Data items
========================================

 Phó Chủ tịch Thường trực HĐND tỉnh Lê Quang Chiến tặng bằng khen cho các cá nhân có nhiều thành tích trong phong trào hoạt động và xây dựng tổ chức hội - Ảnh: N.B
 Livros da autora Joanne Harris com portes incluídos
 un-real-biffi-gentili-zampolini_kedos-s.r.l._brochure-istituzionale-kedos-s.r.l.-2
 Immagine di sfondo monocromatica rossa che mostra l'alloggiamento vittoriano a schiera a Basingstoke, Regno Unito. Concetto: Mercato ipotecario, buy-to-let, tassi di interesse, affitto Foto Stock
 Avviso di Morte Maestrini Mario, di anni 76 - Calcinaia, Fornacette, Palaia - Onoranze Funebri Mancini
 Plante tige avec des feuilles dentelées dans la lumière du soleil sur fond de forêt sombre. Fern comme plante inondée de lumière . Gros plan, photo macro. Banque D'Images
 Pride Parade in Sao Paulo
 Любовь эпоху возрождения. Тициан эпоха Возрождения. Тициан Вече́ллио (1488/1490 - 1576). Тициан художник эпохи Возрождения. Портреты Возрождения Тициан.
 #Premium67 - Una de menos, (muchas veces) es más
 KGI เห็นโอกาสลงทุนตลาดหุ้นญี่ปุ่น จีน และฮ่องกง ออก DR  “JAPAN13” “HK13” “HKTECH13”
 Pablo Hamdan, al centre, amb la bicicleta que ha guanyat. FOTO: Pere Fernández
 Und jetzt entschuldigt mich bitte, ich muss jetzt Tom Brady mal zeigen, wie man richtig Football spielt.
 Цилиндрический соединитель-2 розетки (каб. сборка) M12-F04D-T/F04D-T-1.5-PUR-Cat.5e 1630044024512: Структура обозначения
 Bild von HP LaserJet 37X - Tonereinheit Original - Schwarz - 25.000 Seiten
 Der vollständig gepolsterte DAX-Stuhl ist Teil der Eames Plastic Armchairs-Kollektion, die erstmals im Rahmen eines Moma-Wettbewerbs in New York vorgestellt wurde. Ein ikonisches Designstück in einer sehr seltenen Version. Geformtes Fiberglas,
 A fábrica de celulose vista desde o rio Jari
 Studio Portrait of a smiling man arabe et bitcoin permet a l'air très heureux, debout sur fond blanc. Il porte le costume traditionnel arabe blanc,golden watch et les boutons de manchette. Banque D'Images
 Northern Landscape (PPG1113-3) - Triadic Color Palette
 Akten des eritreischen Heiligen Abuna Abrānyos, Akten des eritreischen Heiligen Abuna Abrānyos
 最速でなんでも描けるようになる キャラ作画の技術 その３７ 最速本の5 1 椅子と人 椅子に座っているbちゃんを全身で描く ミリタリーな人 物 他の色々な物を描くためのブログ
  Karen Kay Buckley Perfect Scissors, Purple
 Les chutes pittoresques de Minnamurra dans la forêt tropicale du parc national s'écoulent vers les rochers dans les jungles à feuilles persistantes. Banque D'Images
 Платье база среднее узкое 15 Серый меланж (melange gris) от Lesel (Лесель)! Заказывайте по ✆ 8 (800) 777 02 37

========================================

ABOUT THIS TASK :: Only one stretch of the records above is wanted: the lines between the one holding "Pride Parade in Sao Paulo" and the one holding "Bild von HP", inclusive, reproduced exactly.

ANSWER TO THE EXERCISE ::
 Pride Parade in Sao Paulo
 Любовь эпоху возрождения. Тициан эпоха Возрождения. Тициан Вече́ллио (1488/1490 - 1576). Тициан художник эпохи Возрождения. Портреты Возрождения Тициан.
 #Premium67 - Una de menos, (muchas veces) es más
 KGI เห็นโอกาสลงทุนตลาดหุ้นญี่ปุ่น จีน และฮ่องกง ออก DR  “JAPAN13” “HK13” “HKTECH13”
 Pablo Hamdan, al centre, amb la bicicleta que ha guanyat. FOTO: Pere Fernández
 Und jetzt entschuldigt mich bitte, ich muss jetzt Tom Brady mal zeigen, wie man richtig Football spielt.
 Цилиндрический соединитель-2 розетки (каб. сборка) M12-F04D-T/F04D-T-1.5-PUR-Cat.5e 1630044024512: Структура обозначения
 Bild von HP LaserJet 37X - Tonereinheit Original - Schwarz - 25.000 Seiten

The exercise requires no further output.